START GIVEN MATERIAL
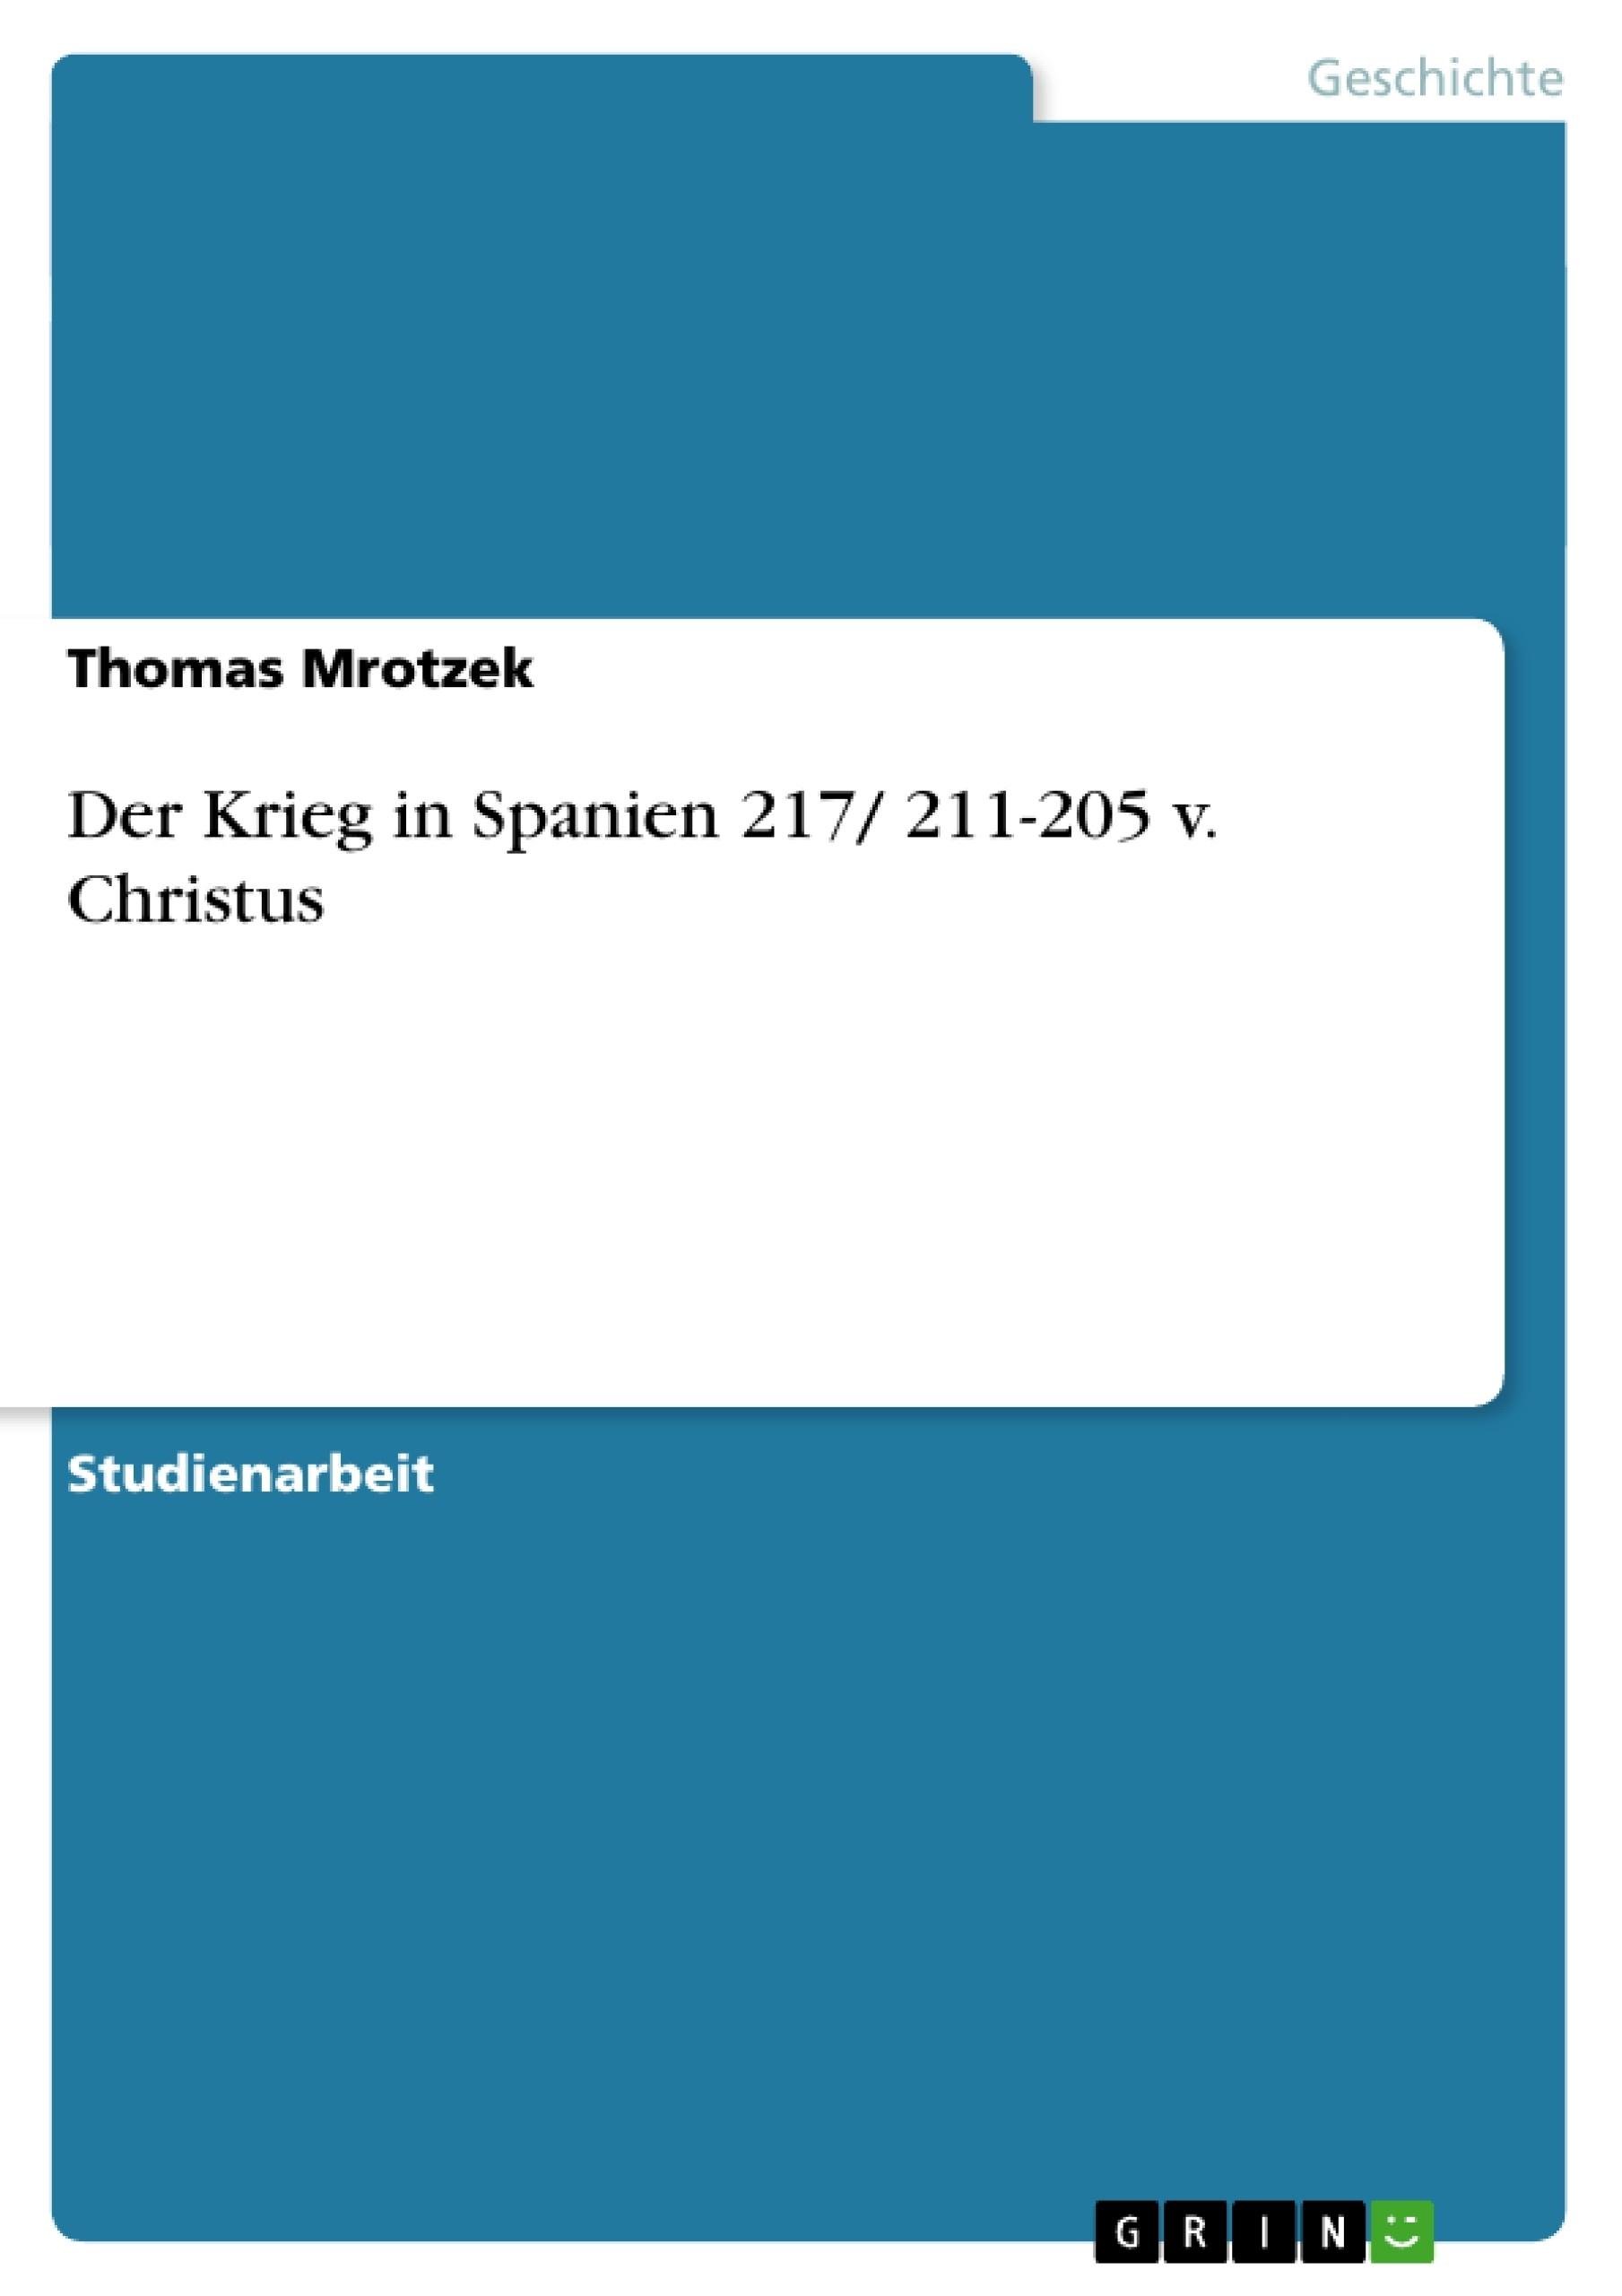 Titel: Der Krieg in Spanien 217/ 211-205 v. Christus
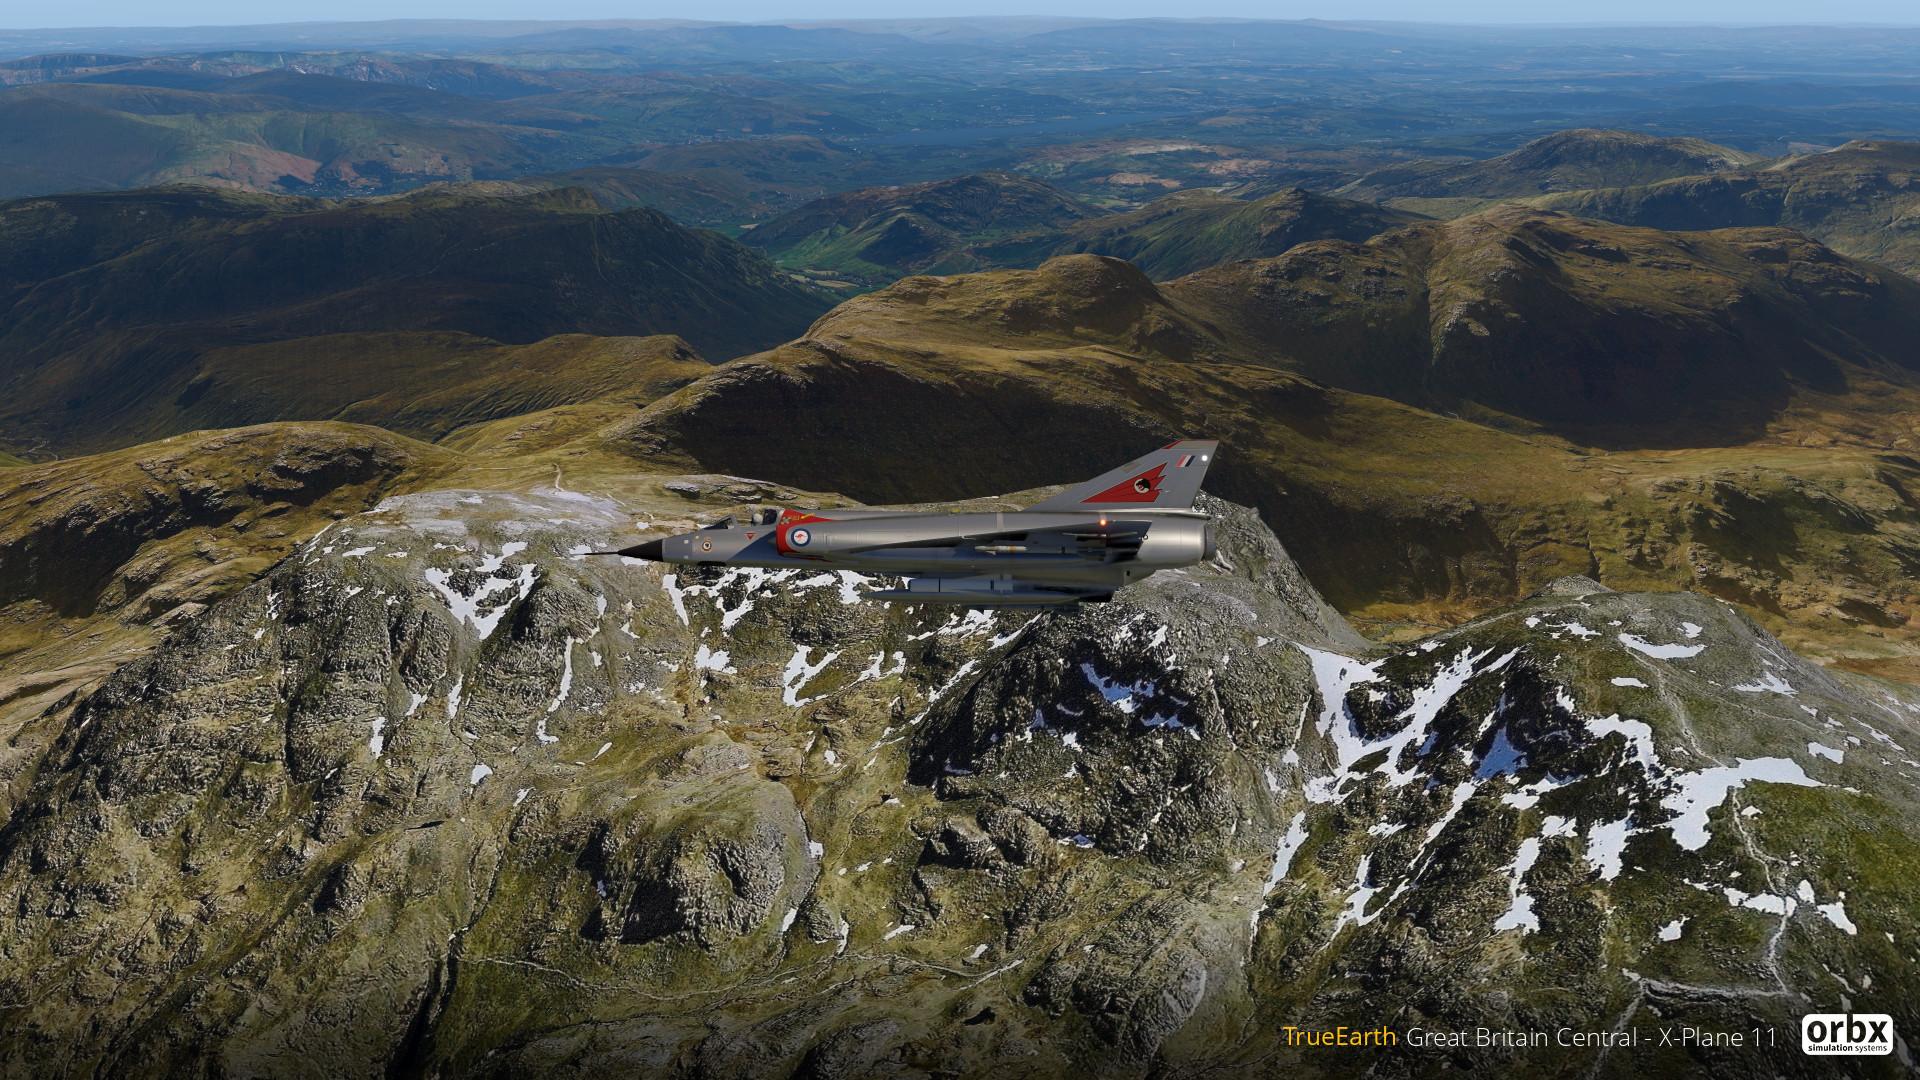 TrueEarth Great Britain Central - X-Plane 11
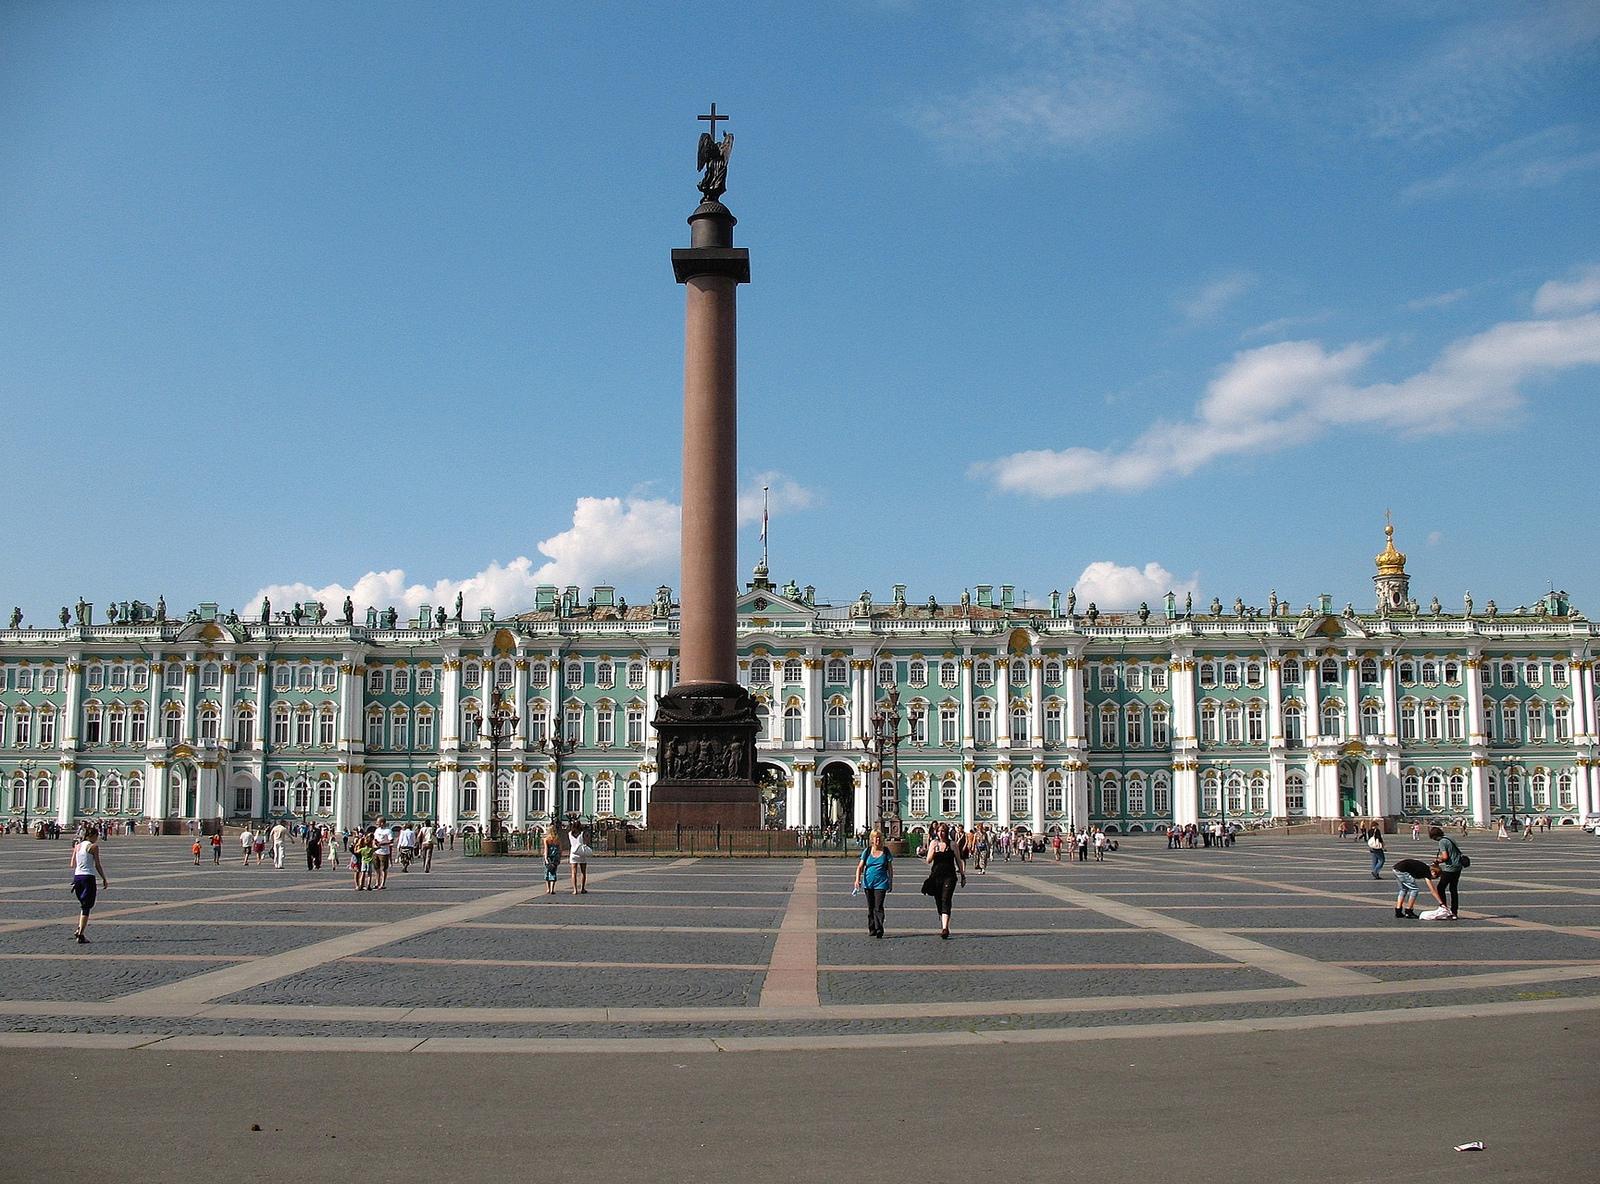 Площадь перед Александровской колонной, Санкт-Петербург
END GIVEN MATERIAL
Once the pictures are removed, copy the listing exactly.

 Titel: Der Krieg in Spanien 217/ 211-205 v. Christus
 TrueEarth Great Britain Central - X-Plane 11
 Площадь перед Александровской колонной, Санкт-Петербург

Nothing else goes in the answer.